§ Instructions for the task
Return the material below exactly, but only from the line with "Microsoft Flight Simulator" through the line with "indeed uk resume search resume", and without its pictures.

§ Dataset
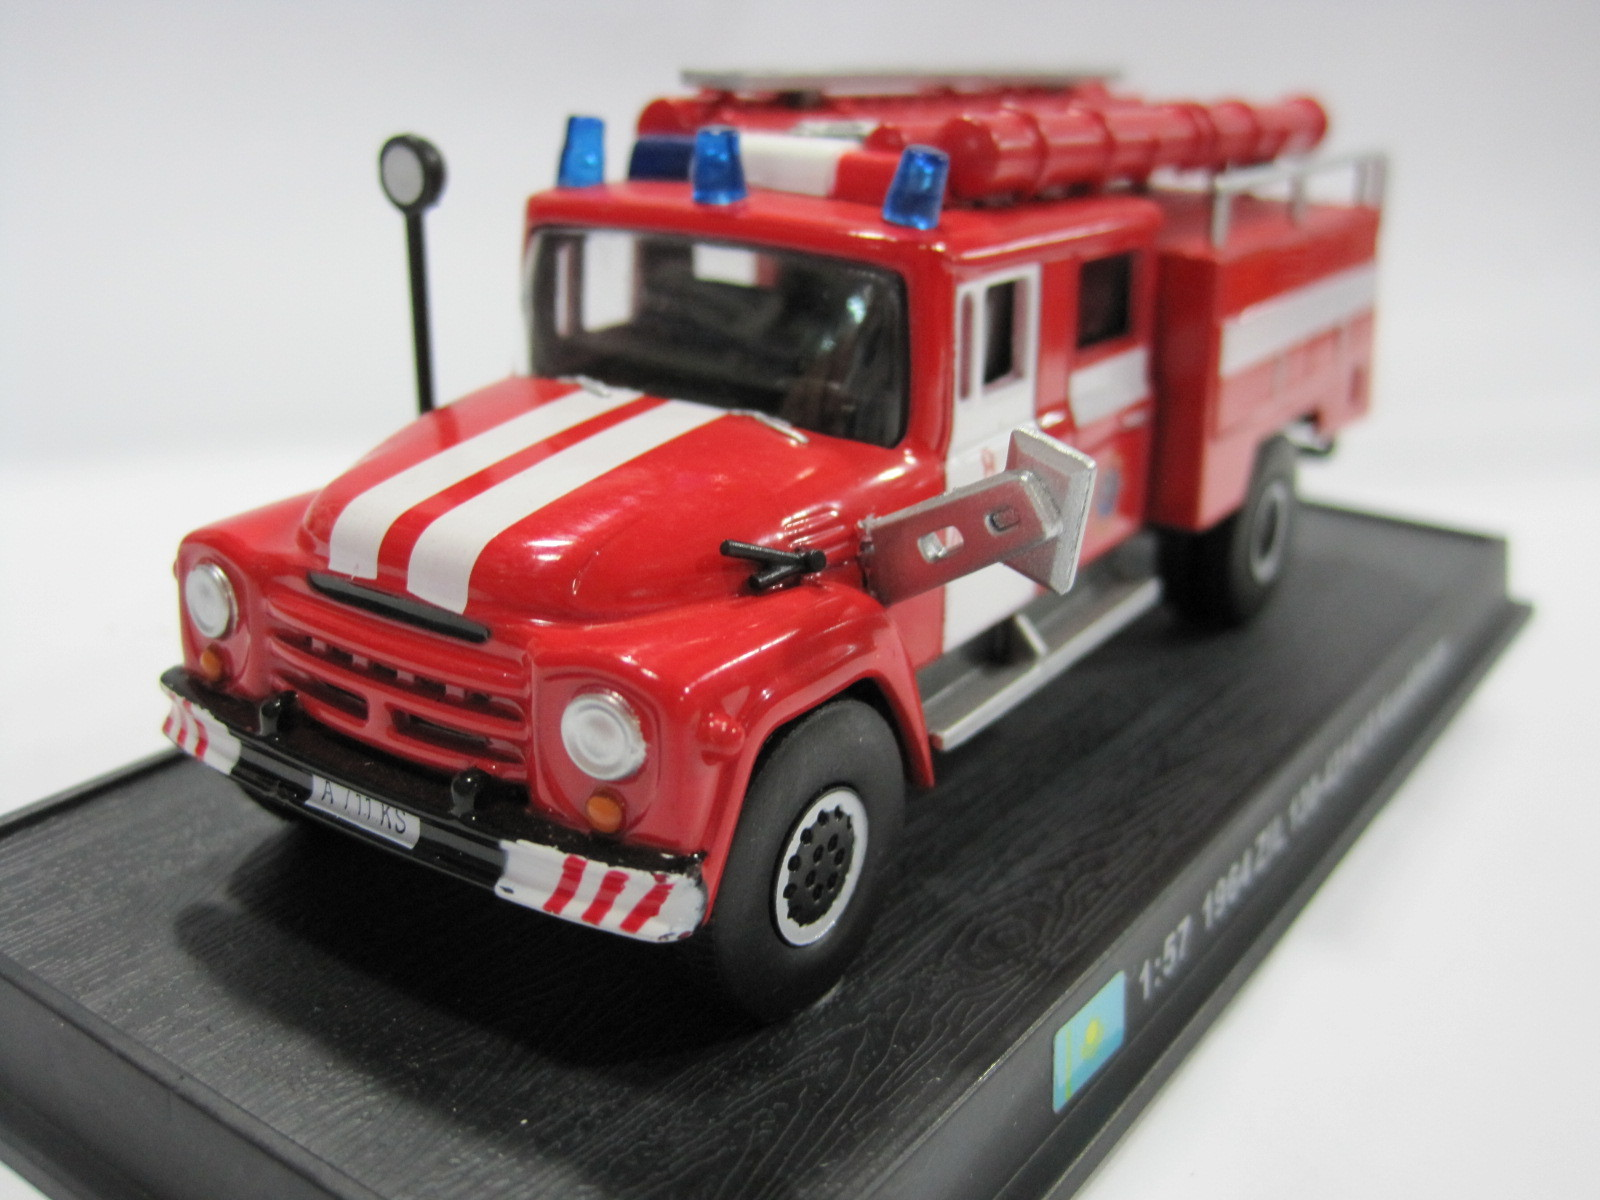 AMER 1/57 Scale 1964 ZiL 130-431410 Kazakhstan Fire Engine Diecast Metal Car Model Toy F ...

---

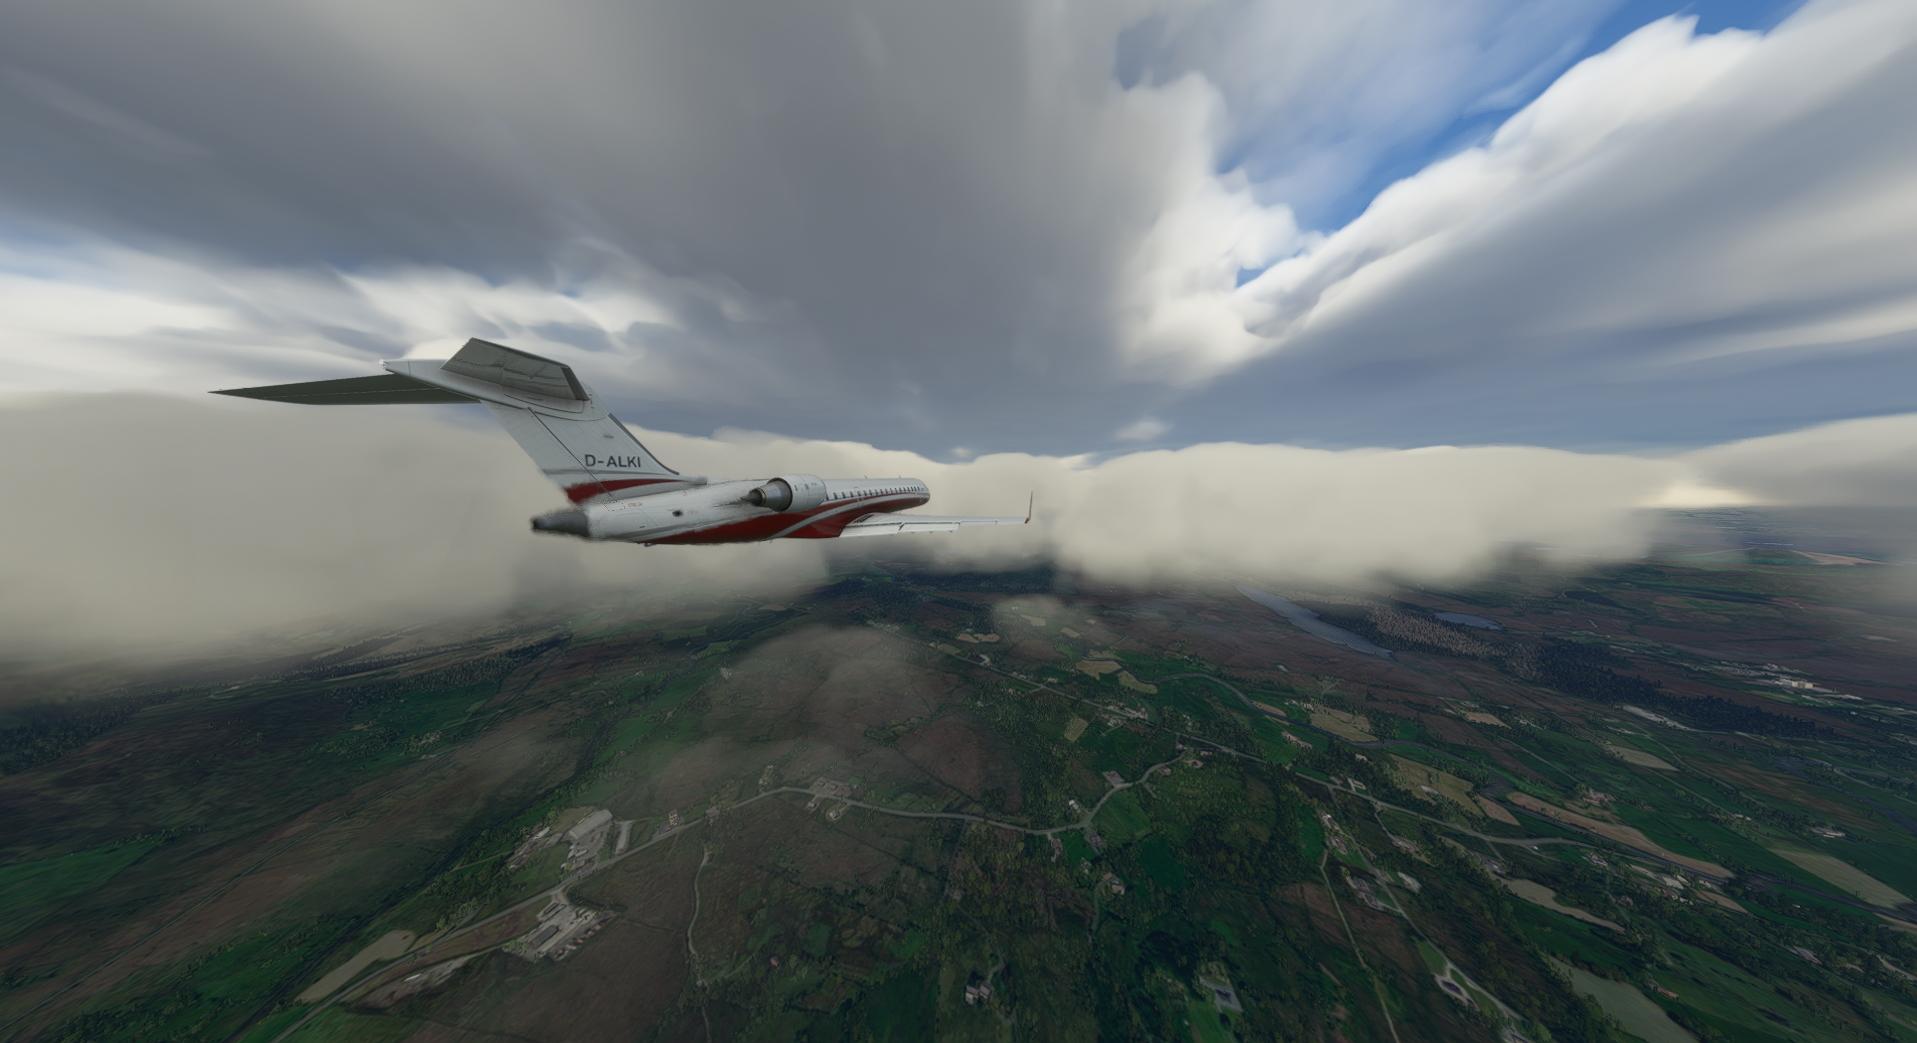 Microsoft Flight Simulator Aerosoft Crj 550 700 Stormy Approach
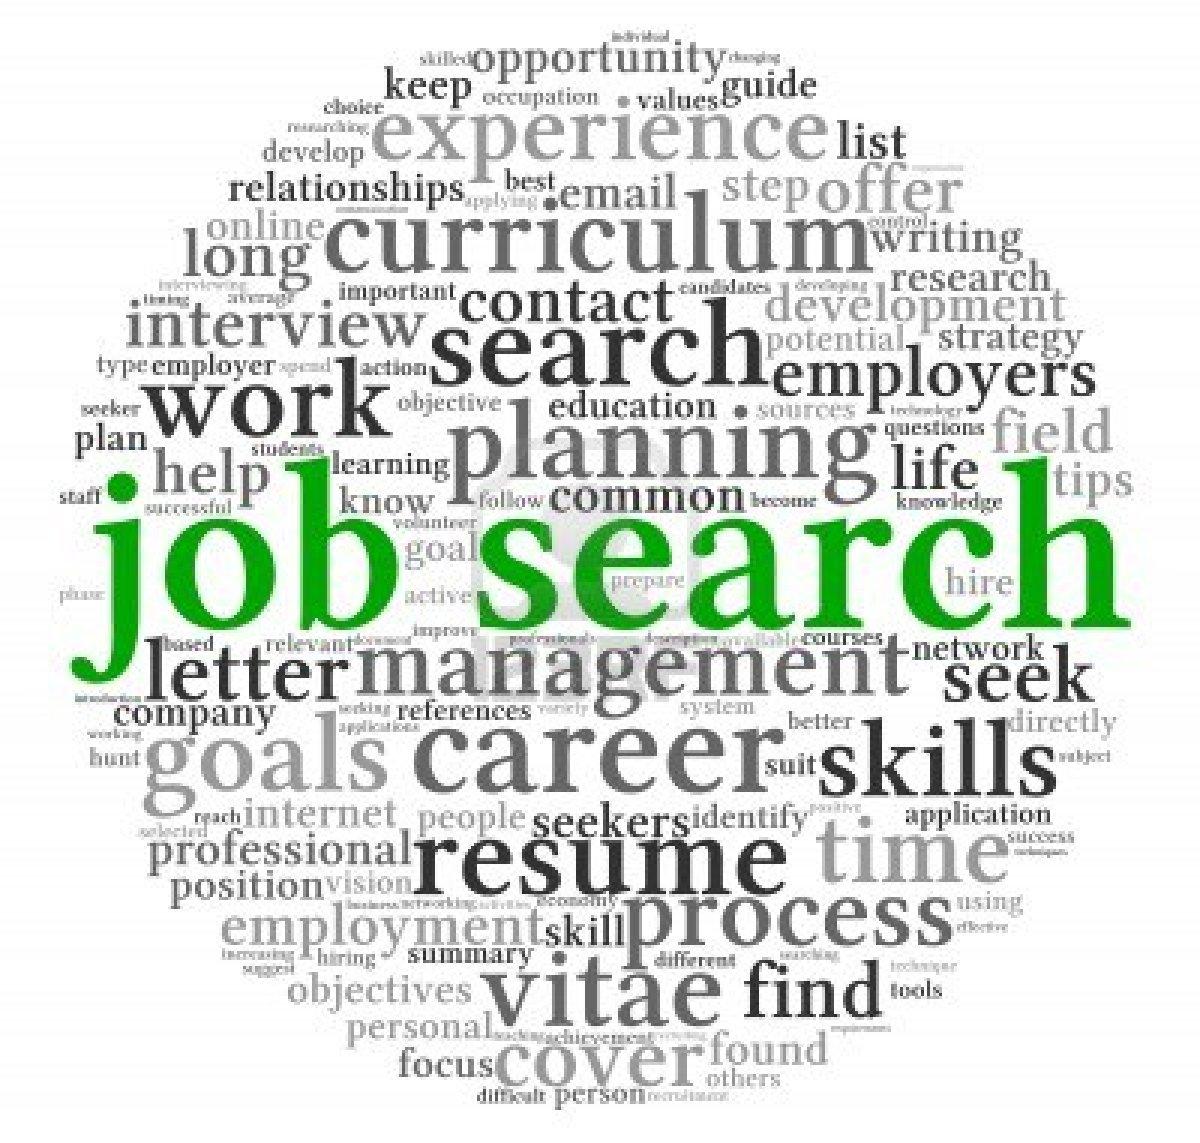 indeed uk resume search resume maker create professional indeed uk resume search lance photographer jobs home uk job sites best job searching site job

§ Solution
 Microsoft Flight Simulator Aerosoft Crj 550 700 Stormy Approach
 indeed uk resume search resume maker create professional indeed uk resume search lance photographer jobs home uk job sites best job searching site job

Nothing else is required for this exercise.